A diagnosis of pancreatic cancer is probably the most dreaded of all cancer diagnoses because the general population is aware of the staggering mortality rate associated with this deadly disease. In this study, the investigators aimed to collect data on “resource utilization (number of days in the hospital or medical care) between diagnosis and death in patients with pancreatic cancer.” To meet their aim, the investigators mined Surveillance, Epidemiology, and End Results (SEER)-Medicare data that provided resource utilization on 25,476 patients diagnosed with pancreatic cancer during the years 1992 to 2005.

The investigators reported that, for patients in this data set, hospital stays reached a mean of 6.4 days and 9.0 days of medical care in the first month after diagnosis; these rates decreased to 1.7 and 3.7 days per month, respectively, by the end of the first year.
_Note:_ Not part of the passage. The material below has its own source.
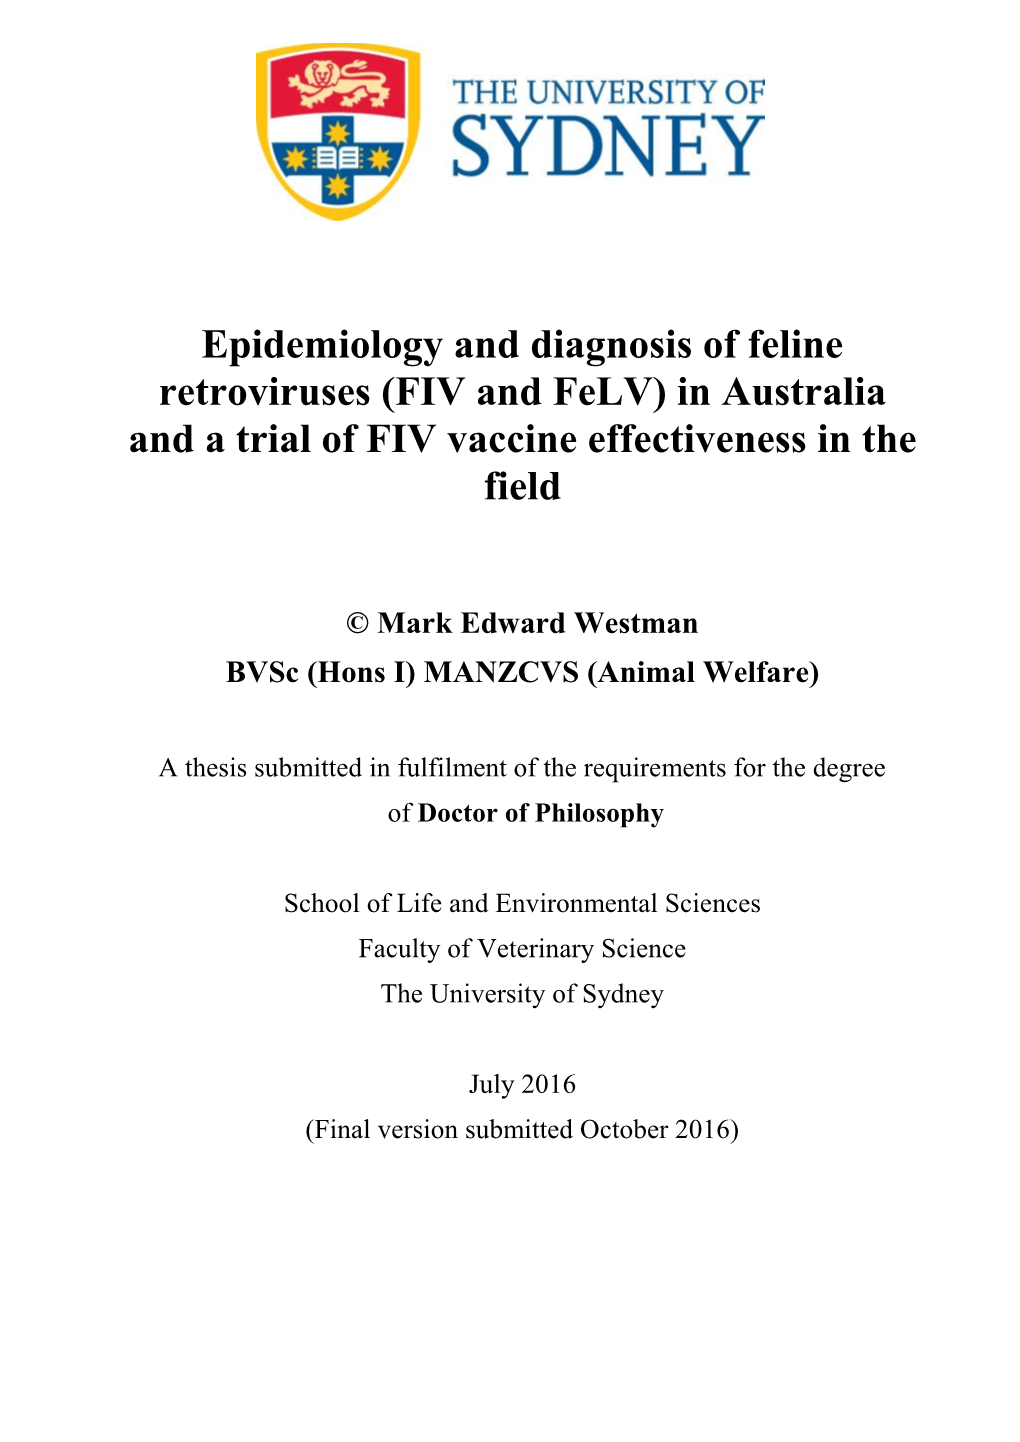 FIV and Felv) in Australia and a Trial of FIV Vaccine Effectiveness in the Field
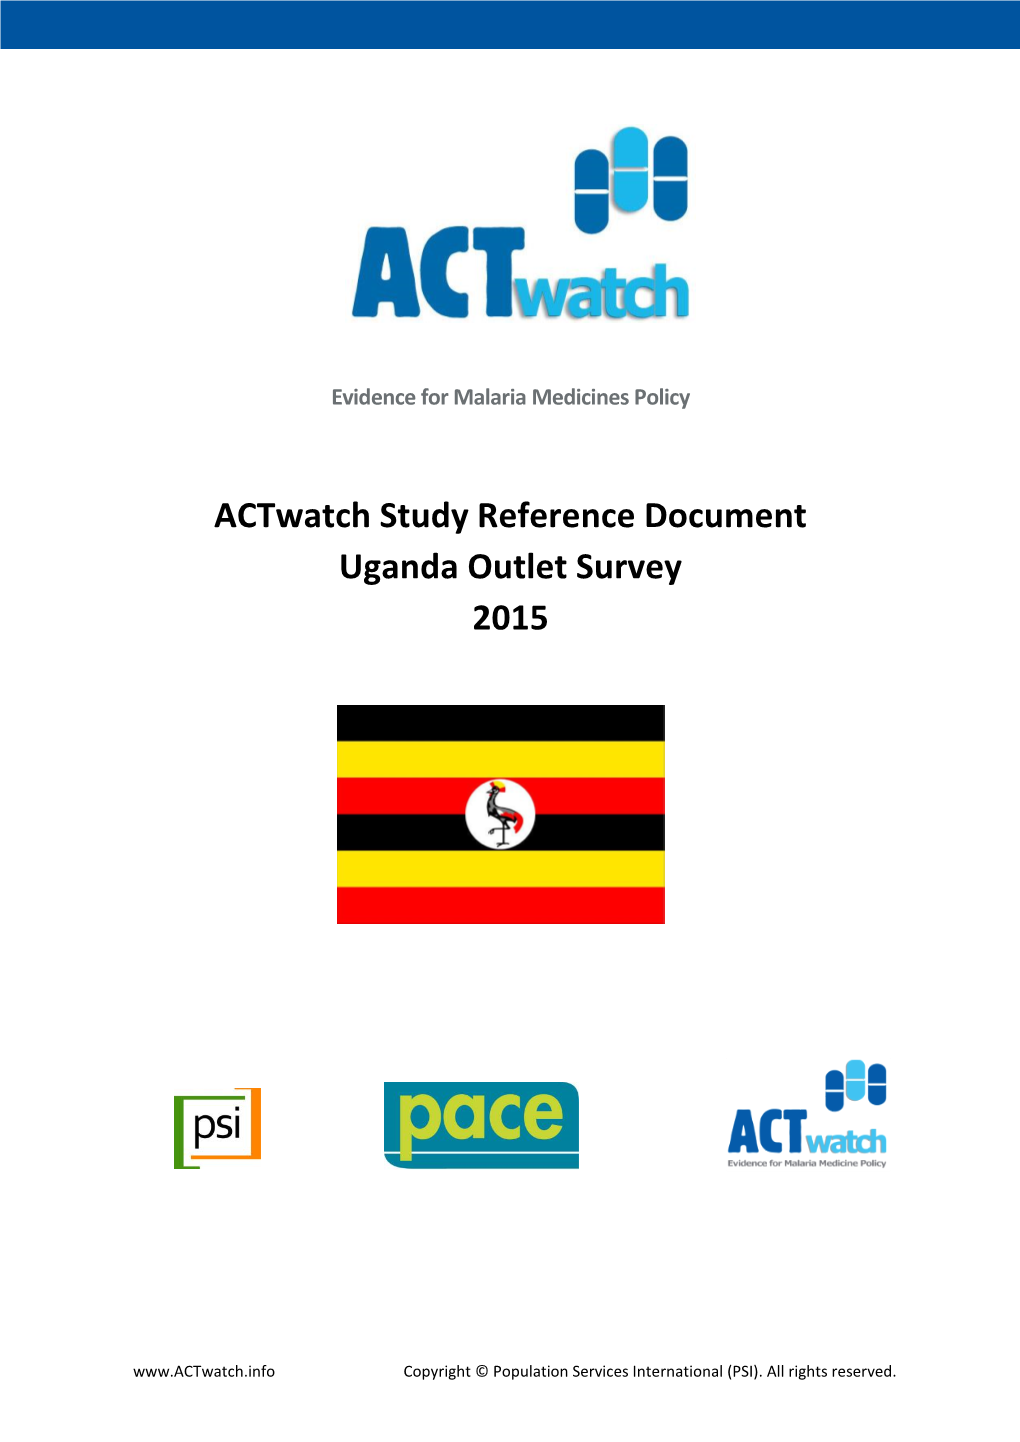 Actwatch Study Reference Document Uganda Outlet Survey 2015

“Hospital/medical care days per month of life were higher in patients with shorter survival but increased sharply at the end of life in all patients, regardless of duration of survival,” the investigators wrote.

“In patients with locoregional disease, resection was associated with a higher number of hospital/medical care days during the first 4 months after diagnosis, but fewer at the end of the first year. For distant disease, hospital days were similar but days in medical care were higher for patients receiving chemotherapy, increasing especially at the end of life.”

These findings will likely enable patients to achieve quality of life while grappling with a disease that significantly reduces quantity of life.